2. Partly because of the attitudes I discussed in (1), the breakup of the country, or violence between the federal government and local authorities, has now become a possibility. Immigration is the flash point here. It is, of course, disgraceful that Republicans have for so long refused to do anything to legalize the status of millions of immigrants who are actively contributing to our society and who have lived here for at least a generation. Yet if we believe in the rule of law, and in the supremacy clause of our Constitution, I do not think it is in the power of big-city mayors to shield illegal immigrants from action by the federal government, any more than it was in the power of southern governments to stop integration. Already President Trump is also threatening to exceed his own powers with respect to this conflict. He has warned of cutting off all federal aid to "sanctuary cities," even though the Supreme Court in 2012 ruled that the federal government could only punish local authorities for infractions in this way by withholding money specifically related to those infractions. In my opinion, it's entirely possible that Steve Bannon, in particular, would be glad to unleash an armed conflict against liberal municipal authorities. Those authorities must ponder their courses of action carefully and try to enlist Congress in solving a very real problem.
3. Finally, as I indicated last week, another problem of a different character faces us. Like William II of Germany, Donald Trump may rather quickly turn out to be intellectually and emotionally unfit to be President of the United States.
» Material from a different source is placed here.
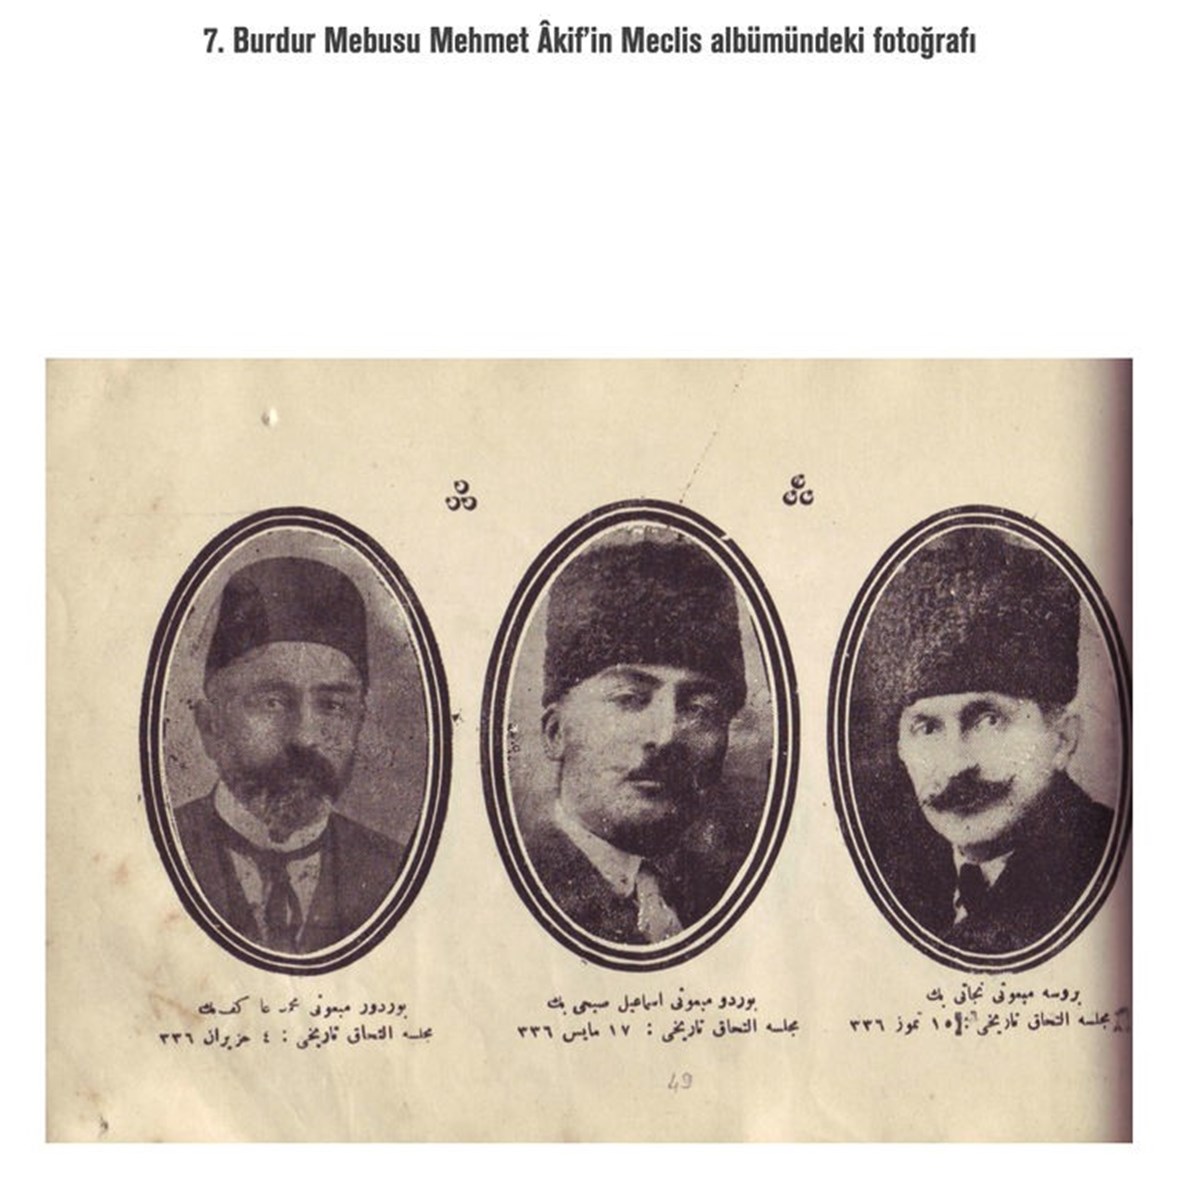 İstiklal Marşı 103 yaşında: İstiklal Marşı ne zaman kabul edildi?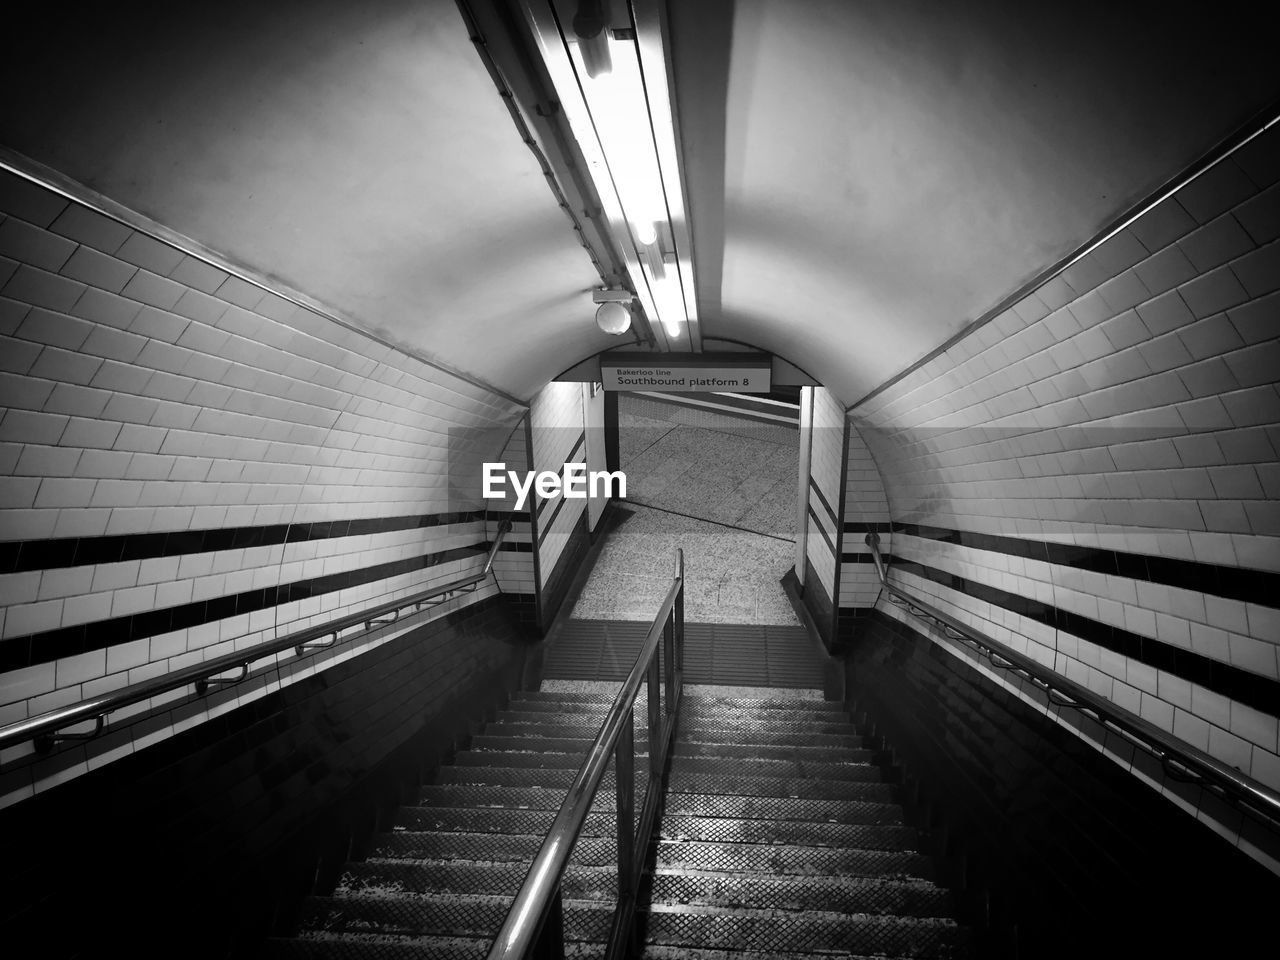 London underground staircase

His decision to push for an investigation of non-existent massive vote fraud suggests that he is counting on the federal government to act out his irresponsible fantasies. The ABC interview that will screen this evening is not reassuring. If serious bipartisan opposition to Trump emerges, I think it will be on those grounds. But if Democrats want civic virtue to prevail over partisanship among Republicans, they had better set a good example.